• **REQUIRED WORK**
What you return should be every line below, word for word, and none of the images.

• **MATERIAL PROVIDED**
* * *

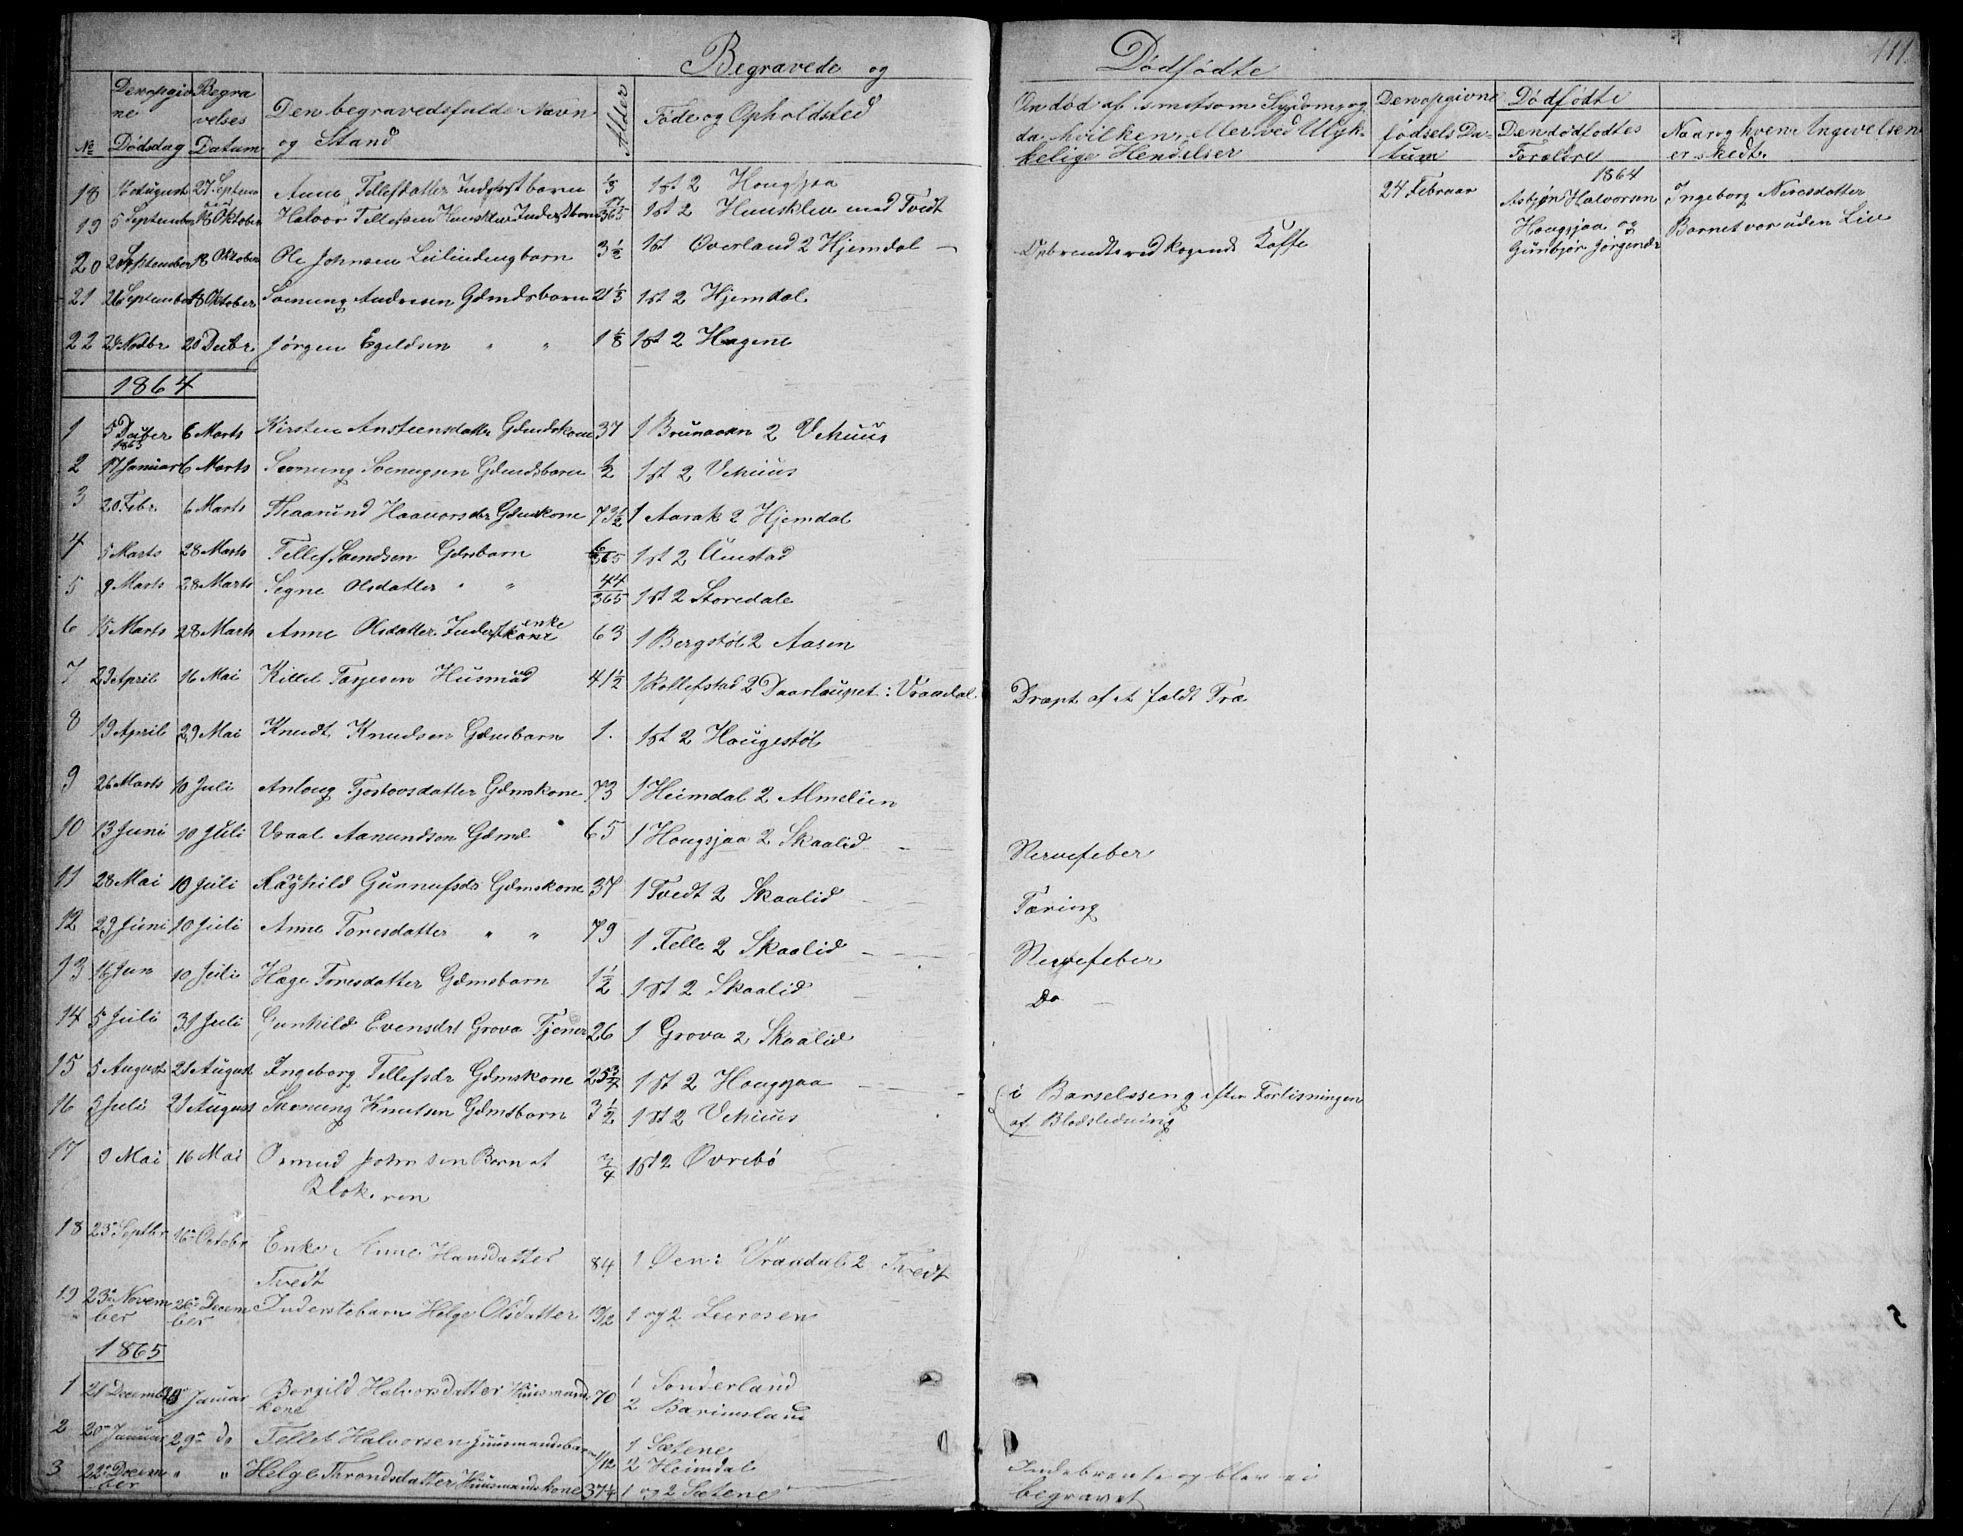 SAKO, Nissedal kirkebøker, G/Gb/L0002: Klokkerbok nr. II 2, 1863-1892, s. 111
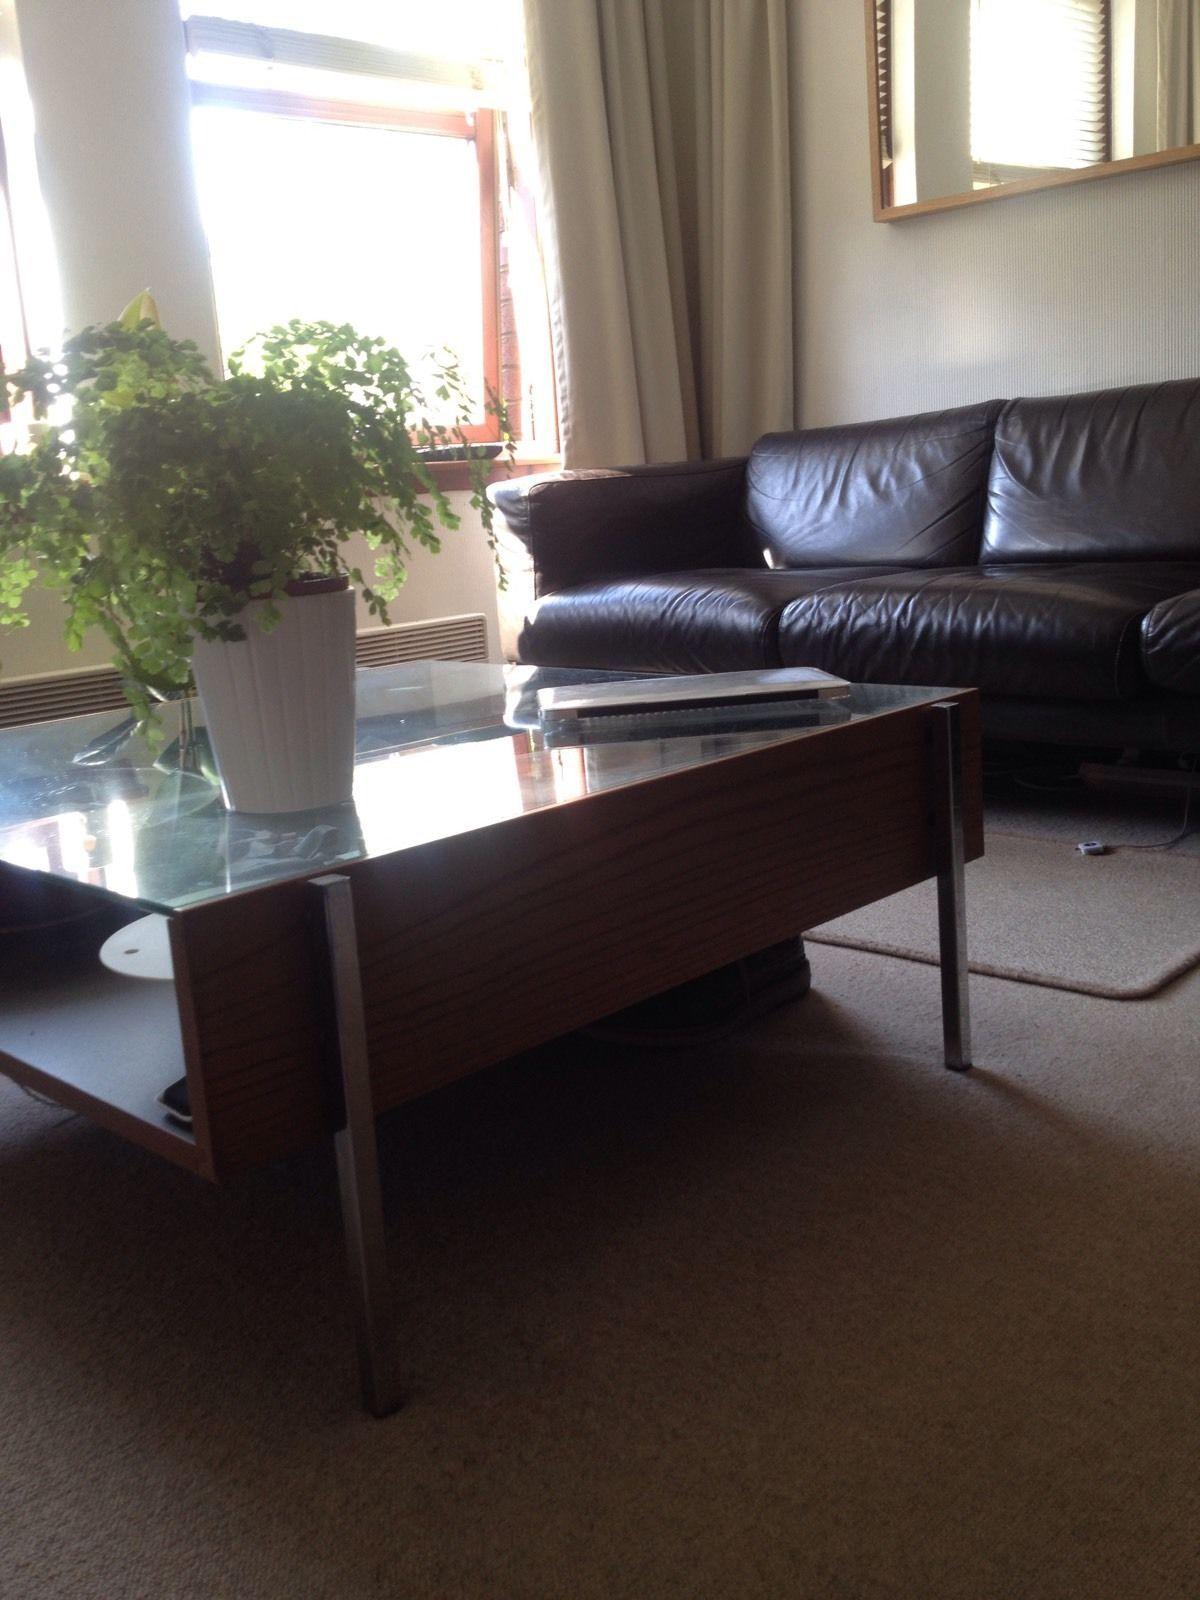 robin day forumhabitat . 3 seater sofa arm chair and coffee
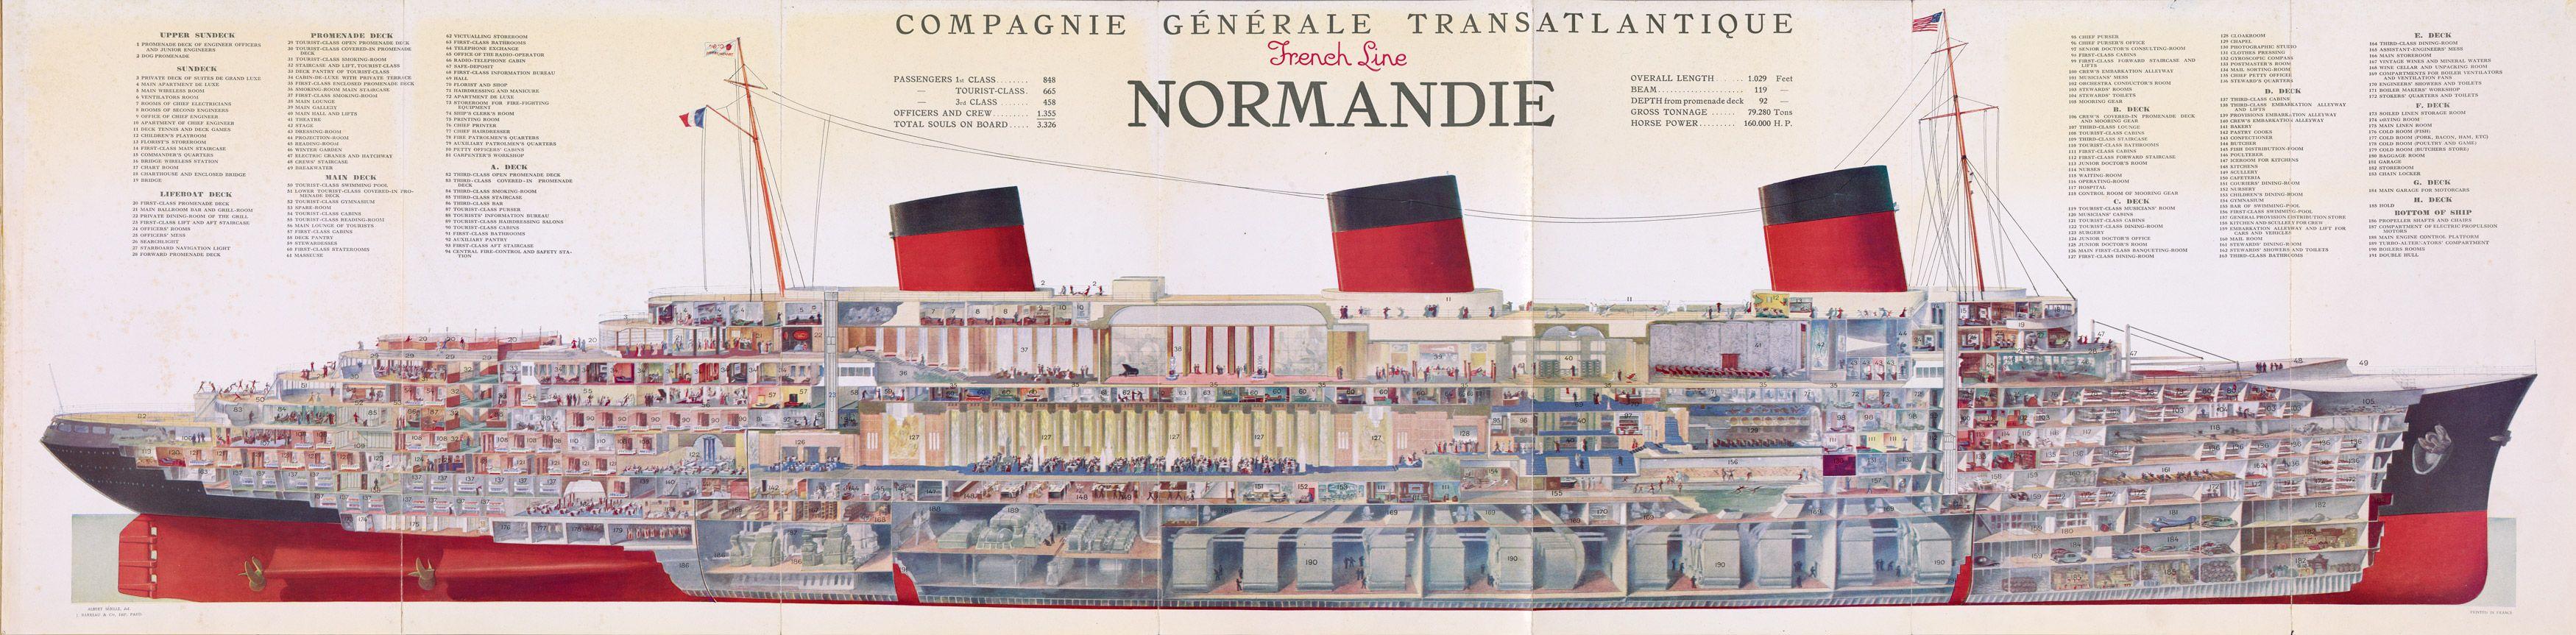 Amazing Steamship Cutaway Drawings Infographics

* * *

• **TASK ANSWER**
 SAKO, Nissedal kirkebøker, G/Gb/L0002: Klokkerbok nr. II 2, 1863-1892, s. 111
 robin day forumhabitat . 3 seater sofa arm chair and coffee
 Amazing Steamship Cutaway Drawings Infographics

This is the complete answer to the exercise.